Inference cost at scale with napkin math
4 days ago
- #Cost Estimation
- #AI Inference
- #GPU Scaling
- Estimating inference costs for serving AI models at scale involves understanding hardware specs and model architecture.
- Key GPU metrics include peak throughput (TFLOPs) and memory bandwidth (TB/s), typically assuming FP-8 quantization.
- Matrix multiplication cost is calculated as 2NMd memory accesses and 2NMd floating-point operations for matrices A (N×d) and B (d×M), reduced via tiling.
- LLMs are auto-regressive, predicting next tokens via attention layers and converting outputs to probabilities via a softmax over vocabulary.
- Attention mechanism computes Q, K, V matrices via linear transformations and applies softmax(QKᵀ/√d)V, with batching for multiple conversations.
- KV-cache reduces compute by storing intermediate K and V for processed tokens, allowing only new tokens to be processed per forward pass.
- Using NVIDIA B200 as example: 8 TB/s bandwidth and 4500 TFLOP/s compute intensity require ~331 concurrent users to balance compute and bandwidth.

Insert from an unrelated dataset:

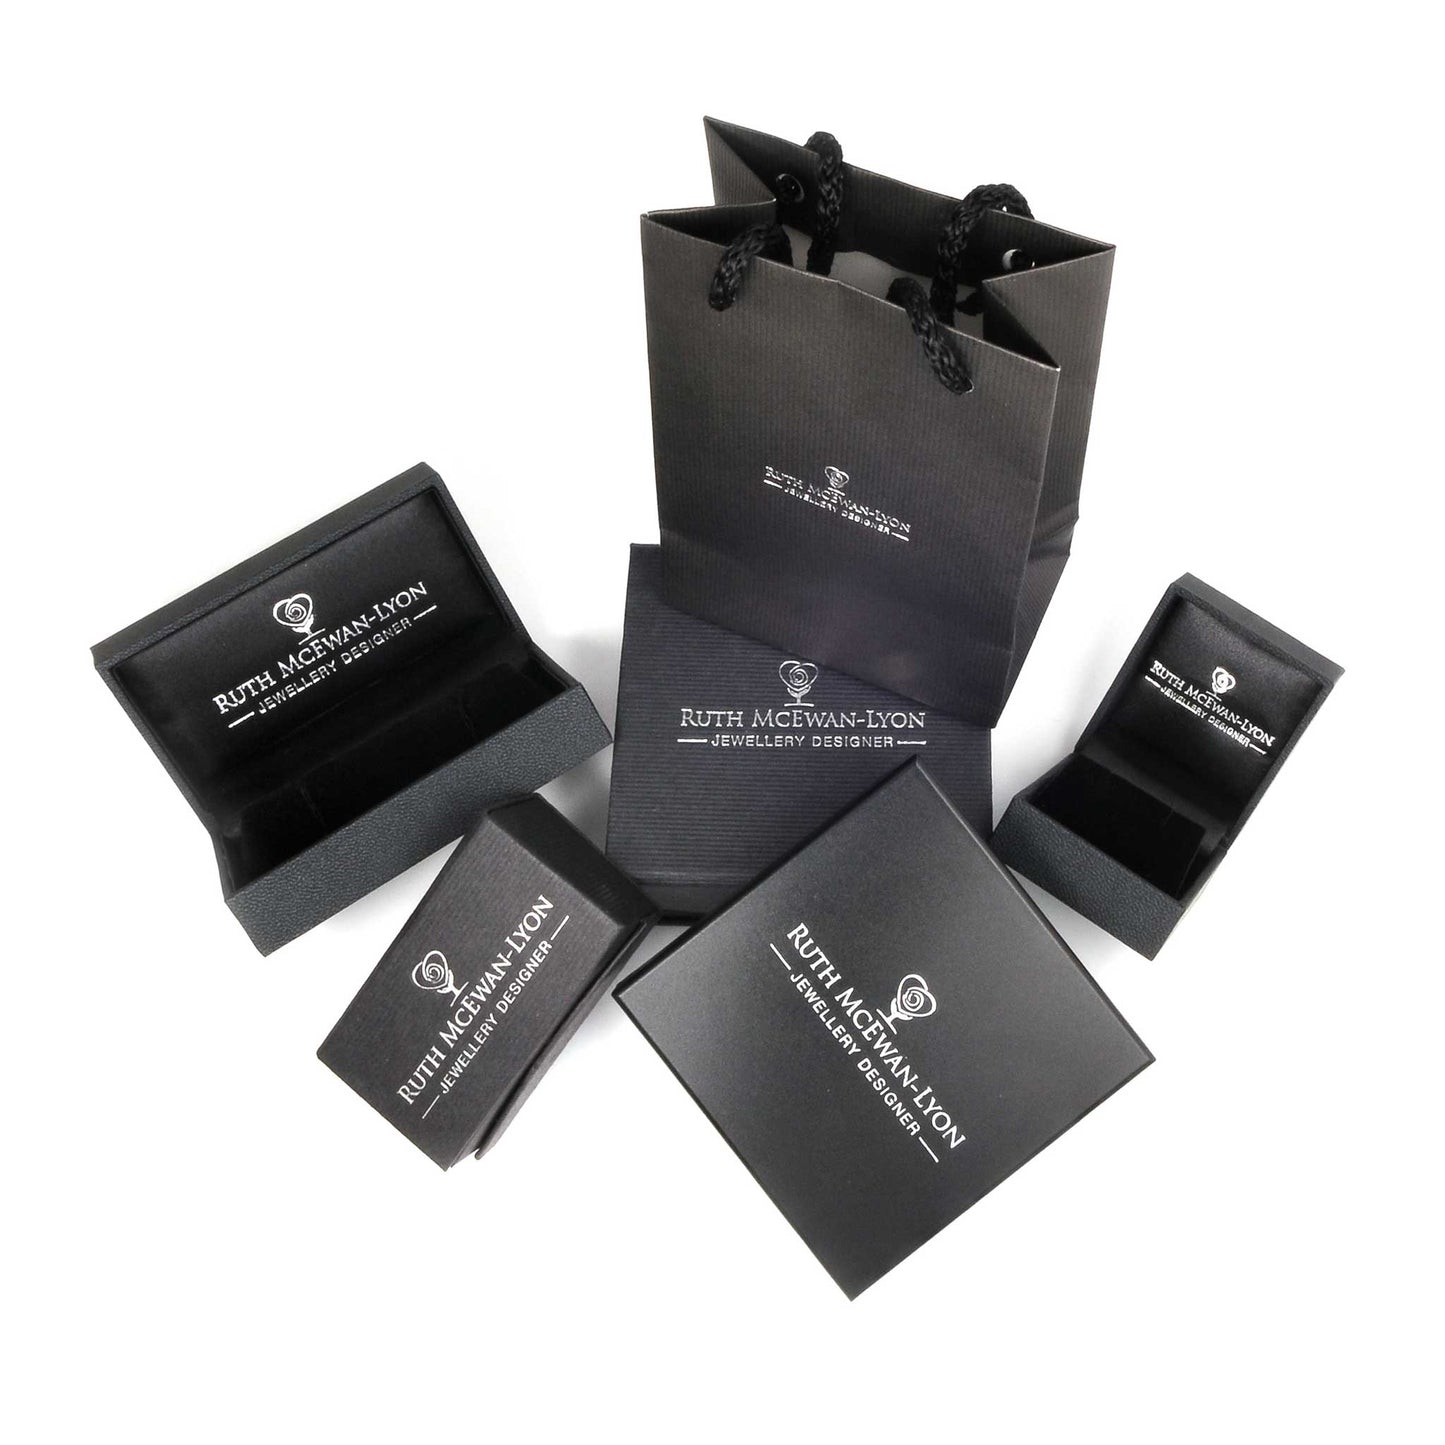 NI Silver jewellery packaging is biodegradable and is a great free additional to your purchase

- Realistic serving is limited by VRAM: a 32B model (32GB) with 200k context window requires ~210GB KV-cache, reduced to ~26GB with Grouped-Query-Attention (GQA).
- With 160GB free VRAM on B200, ~6 users can be served concurrently at full duty cycle, but variable context lengths and idle time allow ~300-800 users per GPU.
- Tokens per second: For 6 users, data movement takes ~23.75ms per forward pass, yielding ~40 tokens/user/second, sufficient for reading speeds.
- Cost per user: Owning a B200 at $40k results in ~$133 per user for 300 users; renting at $43/hour leads to ~$0.013/user/hour or ~$9.36/month.